只是听着东方白后面又娇又媚,放浪至极的声音,又是狐疑的看向她。
你怎么这么熟练啊。
殊不知对面的杨不悔,此刻已经恨不得找条地缝钻进去了。
她现在严重怀疑,这东方白偷看了自己在神剑山幻境中的经历。
否则怎么会表现的如此真实。
“也就是说,教主姐姐的意思是,要让这极乐阁无所不包,彻底铺满那陈钰欲望的每个角落...”
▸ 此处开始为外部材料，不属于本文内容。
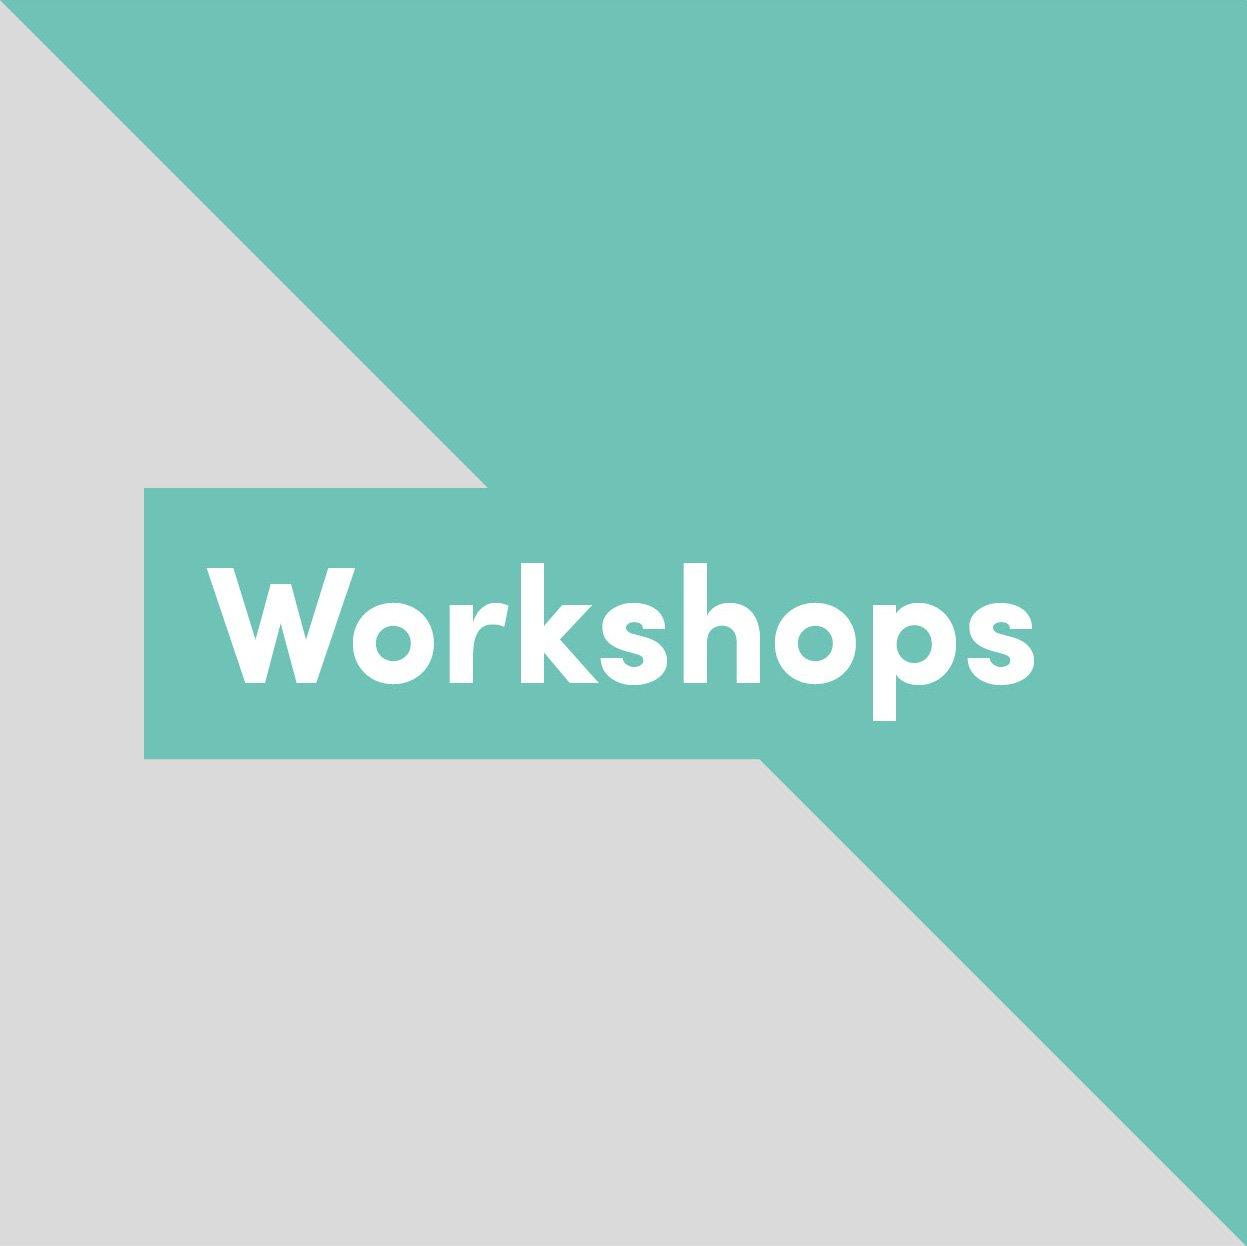 Inspire Makers - Workshops

香香娇嫩的嗓音响起,那双秀美的眸子神采奕奕,红着脸坚定道:“香香明白教主姐姐的苦心了,虽然香香与那陈公子没有仇,可只要能帮到教主姐姐,帮到在座的各位姐姐,香香愿意试试。”
“嗯,你倒是个乖巧的丫头。”
东方白微微颔首,笑眯眯的赞许道:“不过不用着急,你的模样,算得上得天独厚,哪怕那陈钰身边尽是世间难寻的美人,也少有能比得上你的,就你这倾国倾城之姿,我留着有妙用。”
香香娇憨的垂下头,似是不好意思。
实则低头的同时,那双清澈的眼眸便骤然掠过一抹深邃之色。
东方白的计划,可以说与她的需求不谋而合。
虽然暂时见不到对方,可自己依旧可以借着杨不悔、东方白等人先行恢复力量。
等做好万全准备,再见那陈钰,便可...
“你们呢?”
东方白并不打算在这件事上留有什么讨论的余地。
想着接下来要是有人拒绝,自己便立刻用毒药进行威胁。
谁料杨不悔忽然开口:“好,我去。”
她话音刚落,袁紫衣便惊诧的看向了她:“杨姑娘。”
杨不悔此刻双颊晕红,圆圆的俏脸上,满是羞愤。
站起身,高挑的身子轻轻颤抖:“我...我去就好了,他与我有杀父杀兄之仇,若说仇恨,在座的没一个比我更深,我去了,公孙姑娘、袁姑娘、诗诗姑娘一个都不用去了。”
“杨姑...娘?”
袁紫衣见她大义凛然,舍生取义,一时红了眼眶。
心道,别的不说,这人意志之坚定,性格之刚烈,真是亘古罕见。
哪怕与她不是真正的一条心,也不影响自己发自肺腑的敬佩于她。
为了报仇,竟能做到这种地步么!
然而没等她敬佩完。
公孙绿萼修长窈窕的身子也忽得站起。
这位绝情谷谷主的掌上千金此刻满面娇羞,扭过头,低声道:“还是...我去,三圣庵的时候,我从他手上逃出生天,他必恨我入骨,若是再见到我,想必会十分高兴。”
你也...
袁紫衣落下泪来。
心道,这是何等伟大!
这种奋不顾身,为报父仇,甘愿以身侍贼的决心,实在是令她汗颜。
当初在佛州,陈钰当着她的面,杀了凤天南父子二人,即便如此,她心中却并未因此恨过对方。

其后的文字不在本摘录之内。